- Exercise instructions -
A word-for-word copy of the following listing is needed. Leave out its images.

- Stored data -

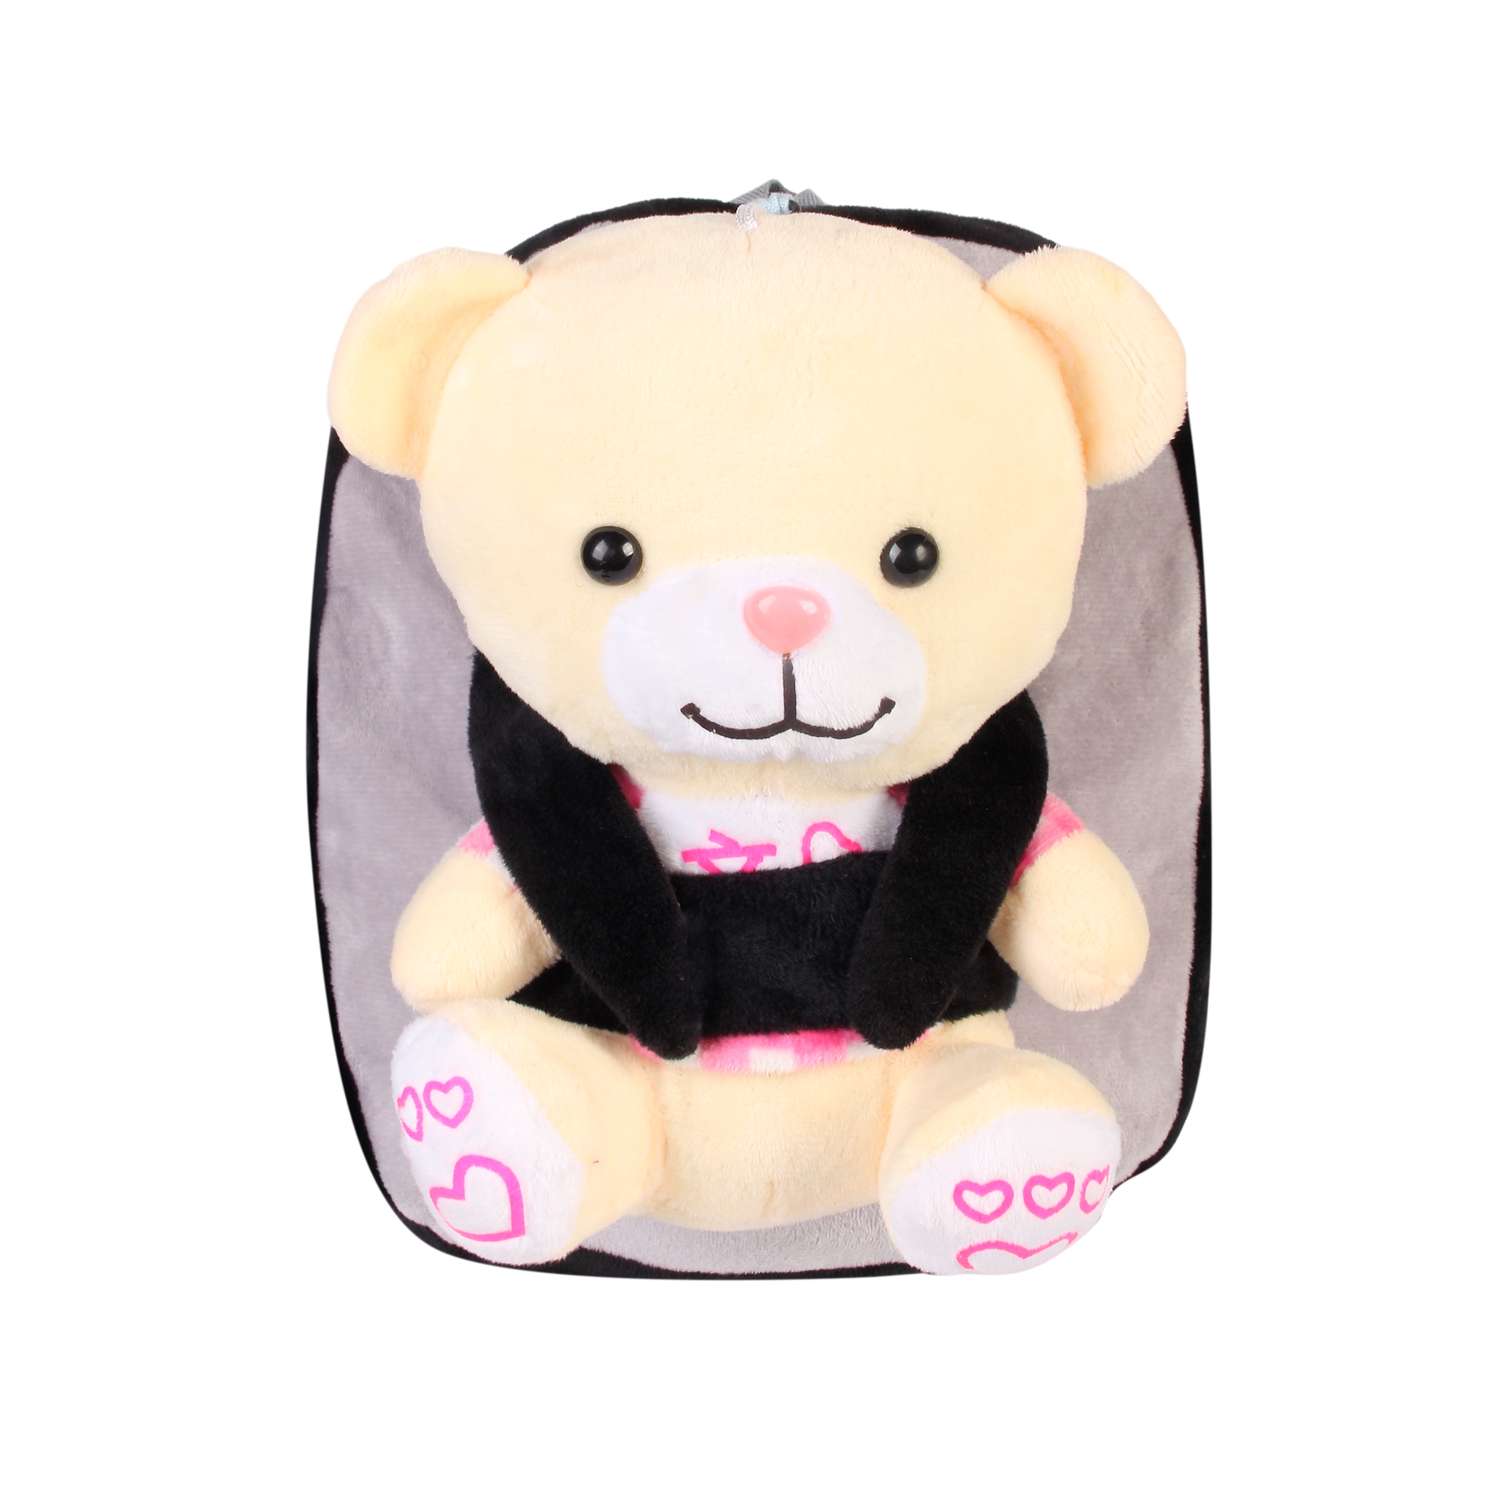 Рюкзак с игрушкой Little Mania серо-чёрный Мишка бледно-жёлтый - фото 1
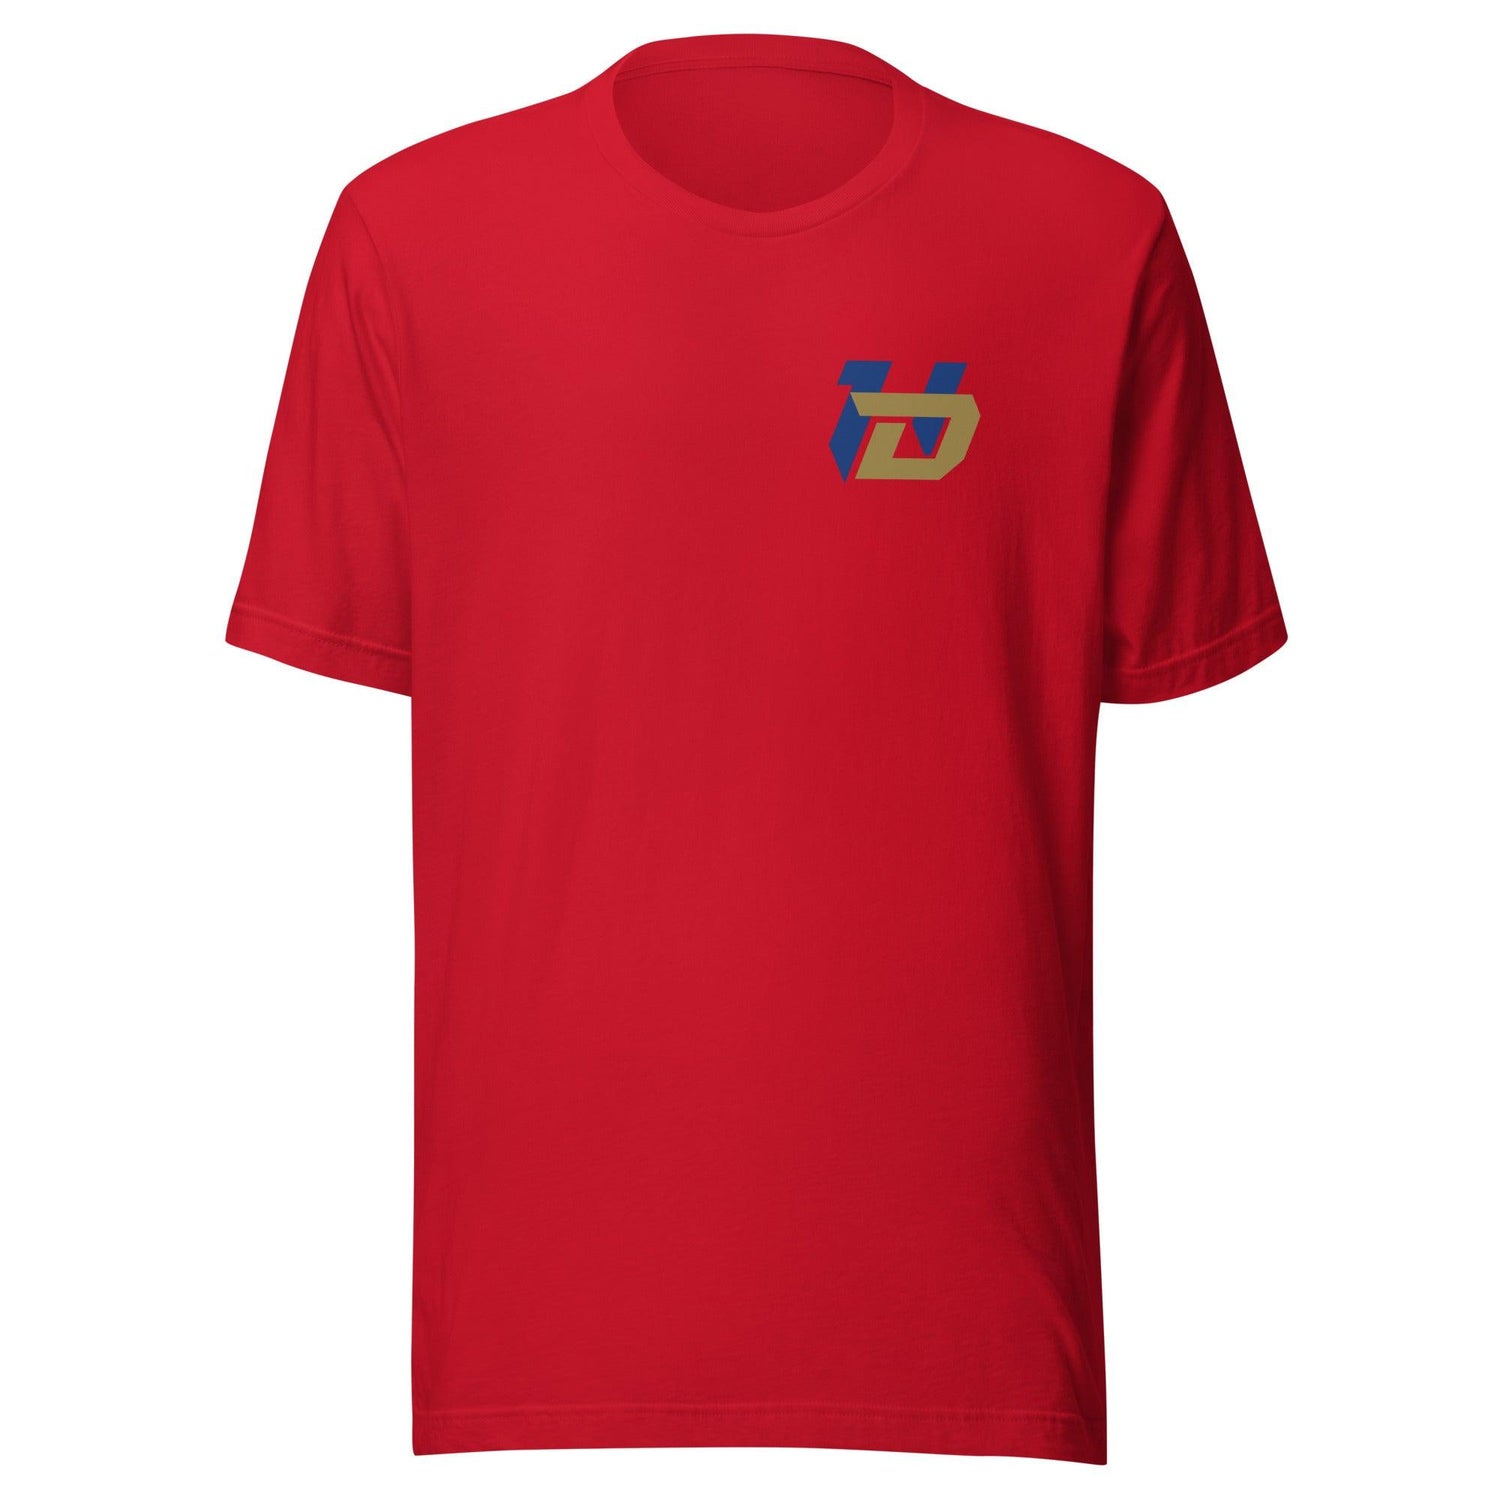 Demerio Houston "Essential" t-shirt - Fan Arch
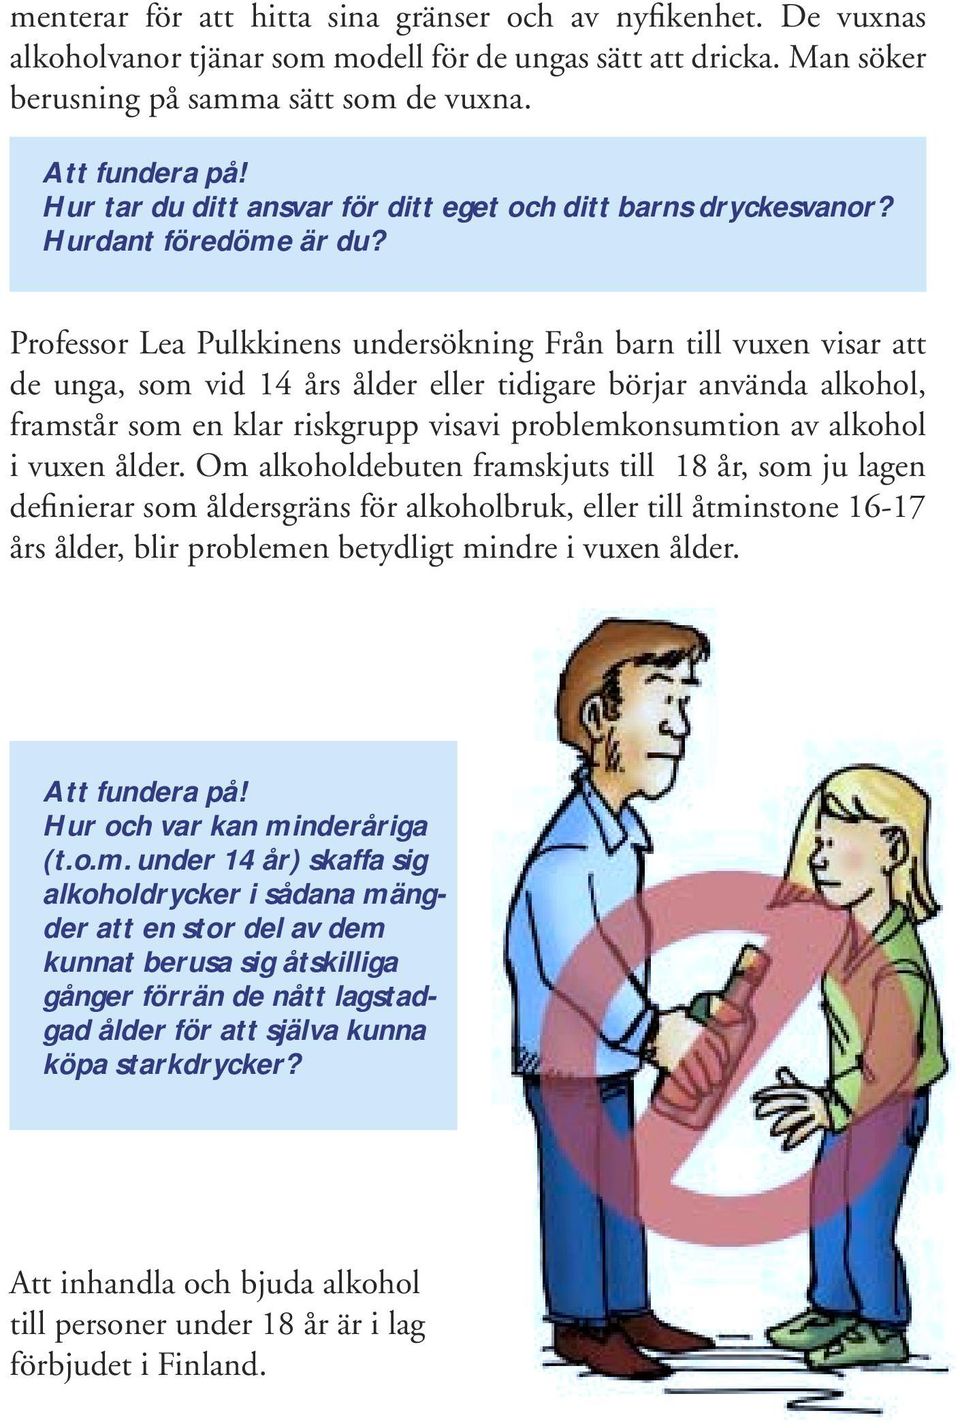 Professor Lea Pulkkinens undersökning Från barn till vuxen visar att de unga, som vid 14 års ålder eller tidigare börjar använda alkohol, framstår som en klar riskgrupp visavi problemkonsumtion av
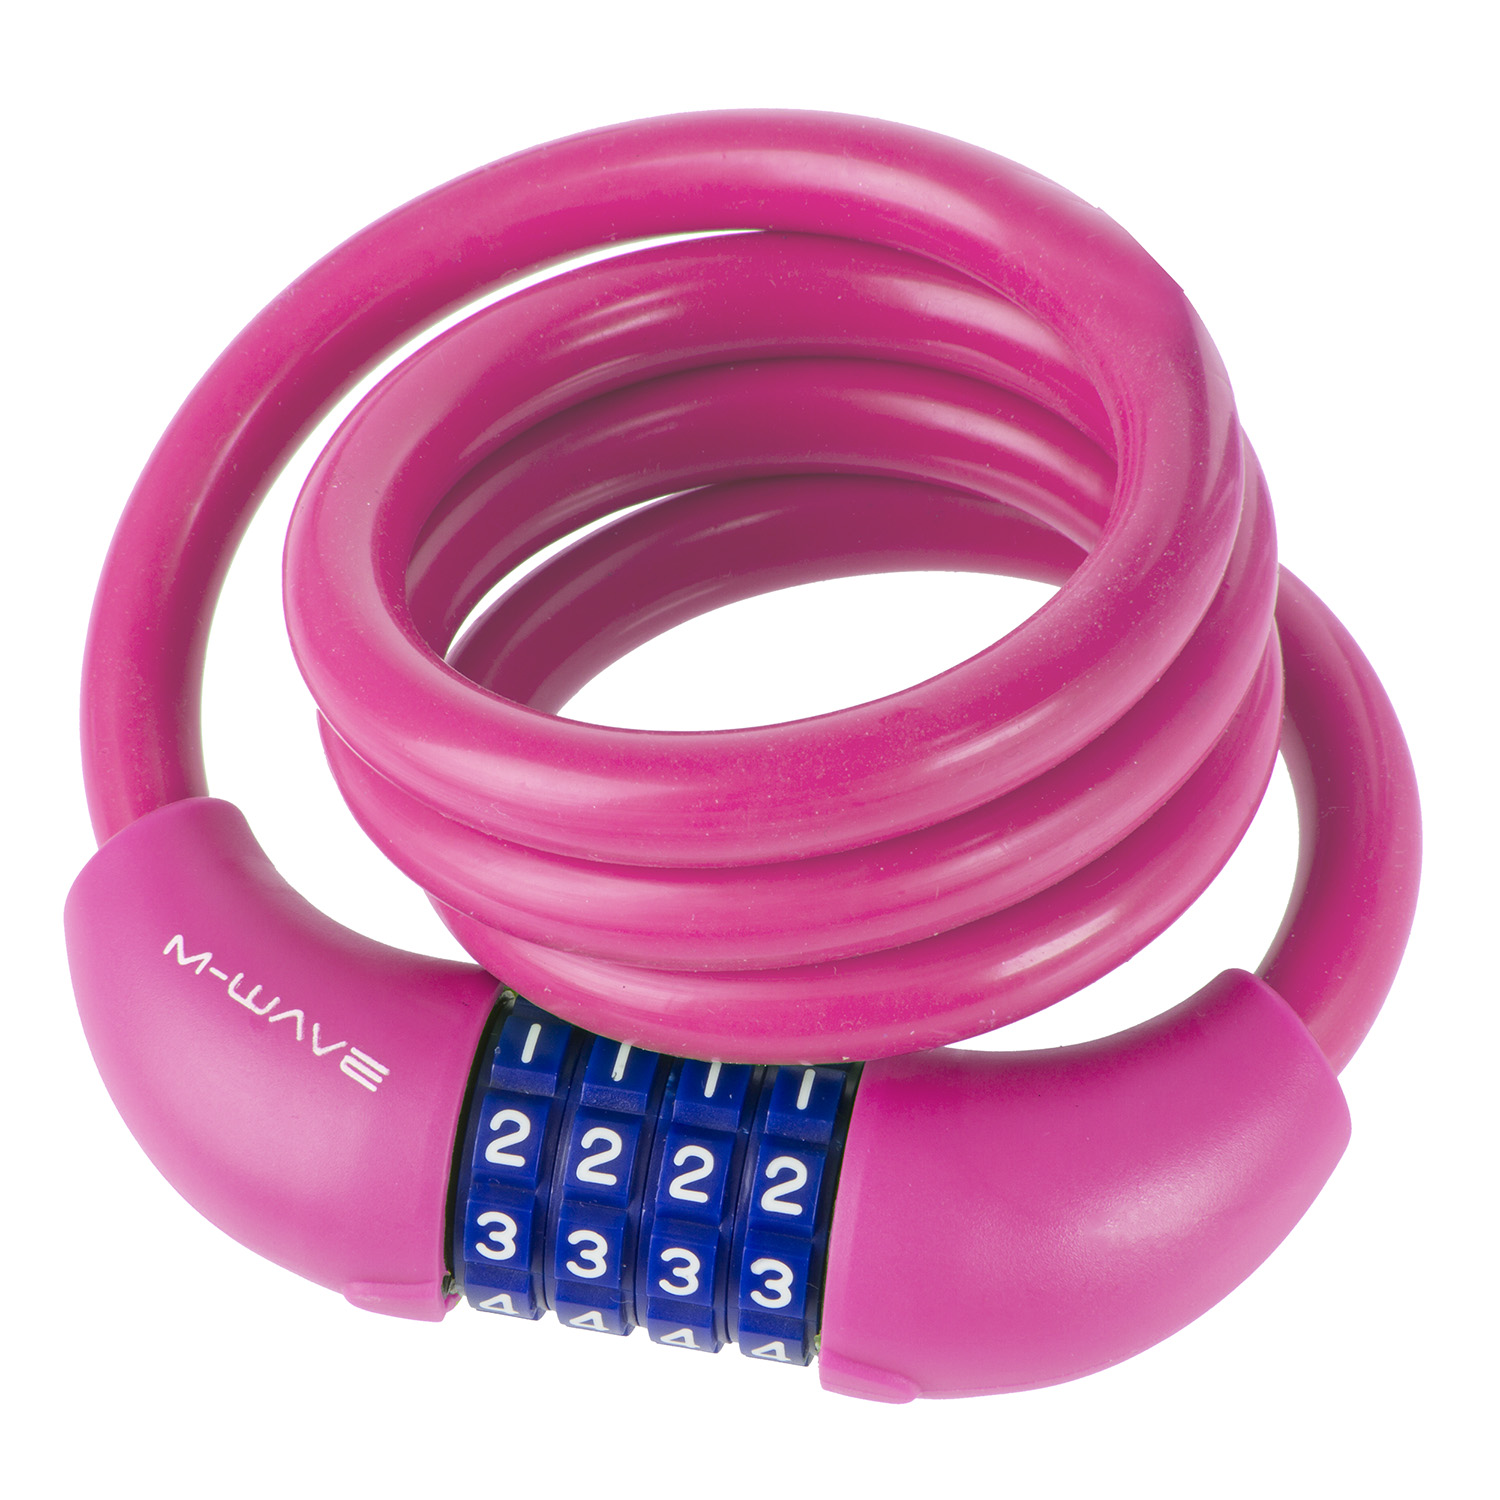 ZAHLEN-Spiralschloss SILIKON 12 mm x 1000 mm in Pink neon

- Response -
 Рюкзак с игрушкой Little Mania серо-чёрный Мишка бледно-жёлтый - фото 1
 Demerio Houston "Essential" t-shirt - Fan Arch
 Professor Lea Pulkkinens undersökning Från barn till vuxen visar att de unga, som vid 14 års ålder eller tidigare börjar använda alkohol, framstår som en klar riskgrupp visavi problemkonsumtion av
 ZAHLEN-Spiralschloss SILIKON 12 mm x 1000 mm in Pink neon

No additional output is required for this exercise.